# Identity Function approximation with Julia

In this code, I tried to approximate Identity function, $f(x) = x$, with a neural network with 1 layer in Julia. I used Knet library and autograd module

In [1]:
using Knet

$x$ is a vector of sample data with size 5 and $w$ is a vector of weigths with size 2. I initialized them randomly.

In [2]:
x = randn(5)
w = randn(2,1)

2×1 Array{Float64,2}:
  1.7601 
 -1.13114

Simple predict function for forward pass. $w[1]$ is the weight multiplier and $w[2]$ is the bias.

In [3]:
predict(w,x) = (w[1] .* x) .+ w[2]

predict (generic function with 1 method)

Simple loss function to calculate the distance of the prediction to true value. Loss is normalized by a power of 2.

In [4]:
loss(w,x) = (predict(w,x) .- x).^2

loss (generic function with 1 method)

This is where magic happens. Knet's autograd automatically calculates the gradient of loss to its first variable, namely $w$. This way, we can access the update values easily during the Stochastic Gradient Descent phase of the training.

In [5]:
gradloss = grad(loss)

(::gradfun) (generic function with 1 method)

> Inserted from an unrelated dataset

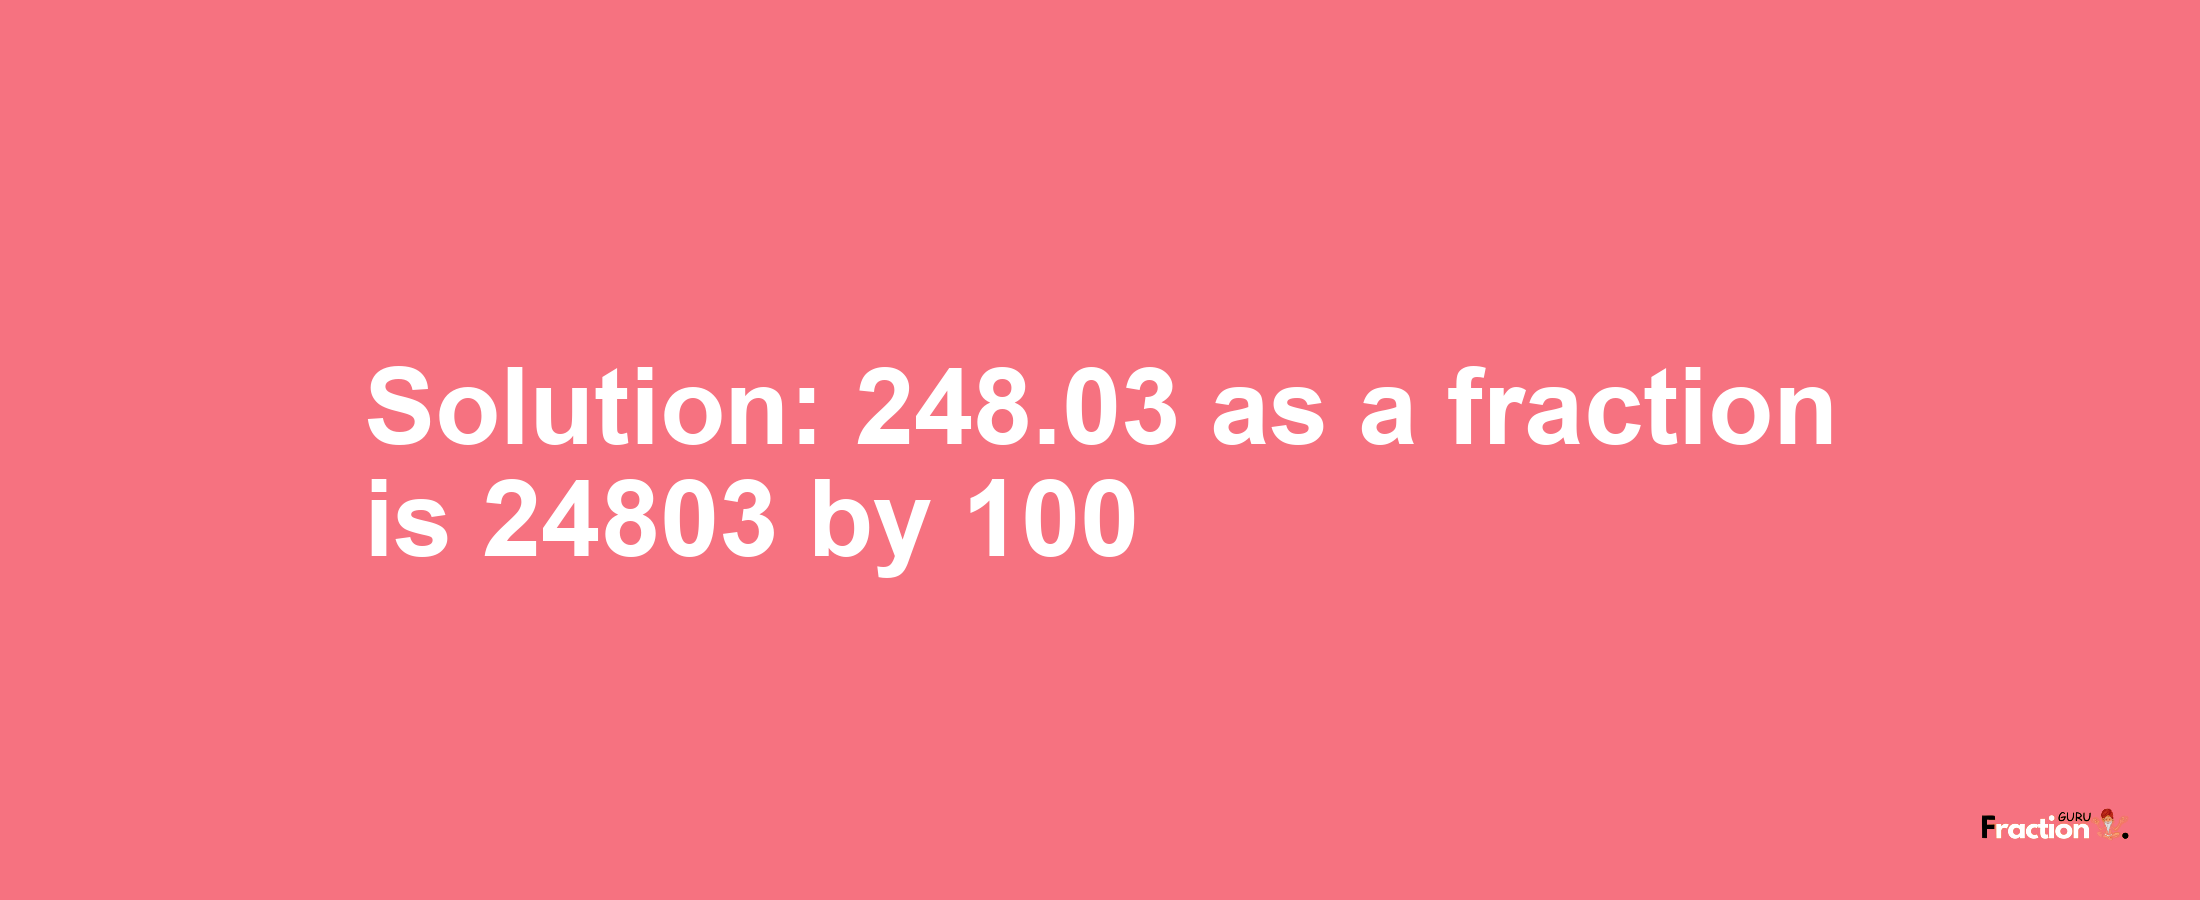 Solution:248.03 as a fraction is 24803/100

The train function is composed of two loops. The outer loop represents the iterations over all data samples and each full iteration over the data is called **epoch**. The inner loop is to iterate over individual samples. In practice, loss is summed over and weights are updated in few samples, called **batches**. However, for our simple purpose, an update in every data point is OK.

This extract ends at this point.